Hoy va a hacer calor.
Me he levantado a las seis de la mañana para iniciar un viaje que va a llevarme – Dios mediante – a la ciudad Condal, antaño perla del Mediterráneo, hoy capital del latrocinio de la neo-aristocracia catalana.
Subo al cercanías que me dejará en Atocha.
Son las seis y media.
Al llegar a “el Barrial” se monta en el tren una manada de mohicanos de inequívoco aspecto sudamericano que, haciendo alarde de una trompa monumental, amenizan el trayecto con sus gritos desabridos y sus conversaciones apenas pronunciadas y carentes del vocabulario necesario para decir cosas coherentes.
Su charla inconexa y a voces con muchachas dotadas de culos descomunales y apenas cubiertas con pantaloncillos y camisetas, me molesta… pero me aguanto, ¿qué otra cosa puedo hacer?
Pienso que estos muchachos podrían haber venido a España a progresar, a crecer en un ambiente que les proporcionase mas oportunidades que sus países de origen, pero les hemos enseñado a ser unos holgazanes y unos borrachos… básicamente porque nosotros, de un tiempo a esta parte, es lo único que podemos ofrecer al mundo.
Entre Príncipe Pío y Atocha, la marejada alcohólica se va diluyendo.
Al entrar en la zona de embarque del AVE me cruzo con una larga fila de conciudadanos que, por su indumentaria, es evidente que se dirigen a Pamplona para celebrar esa fiesta que popularizó Hemingway y que nunca he terminado de entender.
Como todas las fiestas en España – y más de un tiempo a esta parte – la celebración se fundamenta sobre la ingesta desmesurada de alcohol destilado.
Incapaces de poner a funcionar sus cerebros, los ciudadanos machacan su hígado con el entusiasmo de un cosaco.
Penoso es verlo en ellos, pero verlo en ellas es – si cabe – aún mas deprimente.
Música a todo trapo y olor a orines en rutas jalonadas por los vómitos de los festejantes… hemos alcanzado – sin lugar a dudas - la cima de la civilización.
Y no lo entiendo.
O peor, lo entiendo perfectamente…
El alcohol ha sido siempre una herramienta al servicio de la evasión.
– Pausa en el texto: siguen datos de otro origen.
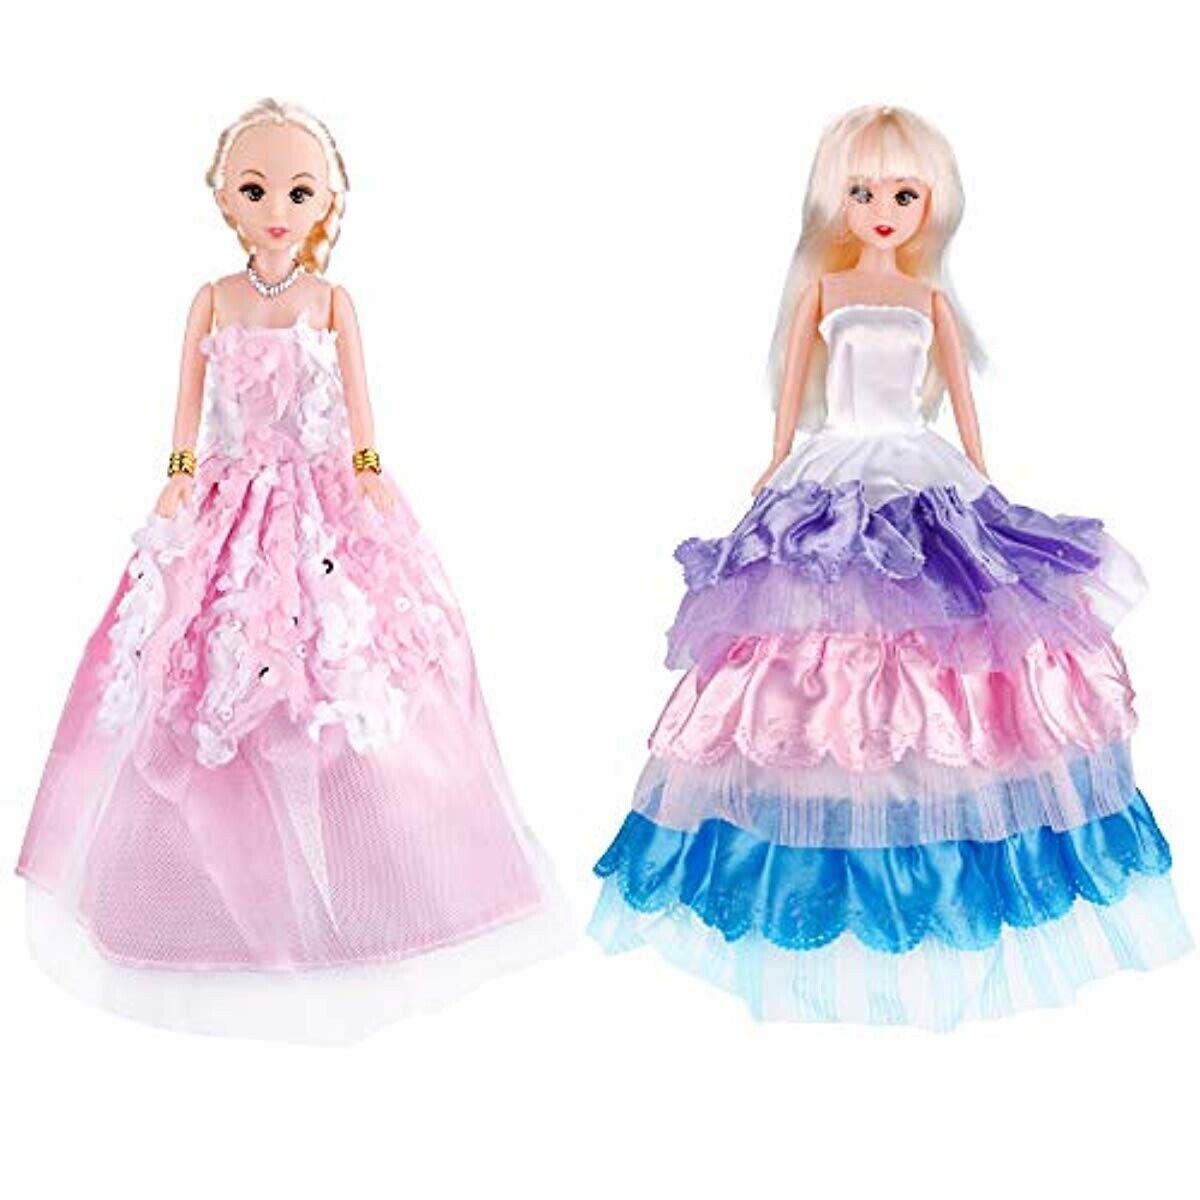 73PCS Barbie Doll Clothes Party Gown Shoes Bag Necklace Hanger Doll Accessories 4

En otros tiempos, esto de huir de la realidad estaba mal visto, ahora parece imprescindible. Y la edad de los beodos aumenta.
En mi época, las borracheras se cogían por incompetencia, en ocasiones como rito iniciático, en ocasiones como anestésico ante una decepción amorosa… pero siempre había un adolescente (mas o menos madurito) detrás de ellas.
Ahora los celebrantes tienen una edad en la que pillarse una cogorza debería producir sonrojo.
Son padres jóvenes o están en edad de serlo… un peligroso ejemplo.
Y mañana, cuando la demanda de hígados a trasplantar supere ampliamente la oferta, ¿qué haremos?.
España, de un tiempo a esta parte, se ha puesto al frente de todos los excesos… en Europa tienen que estar frotándose las manos.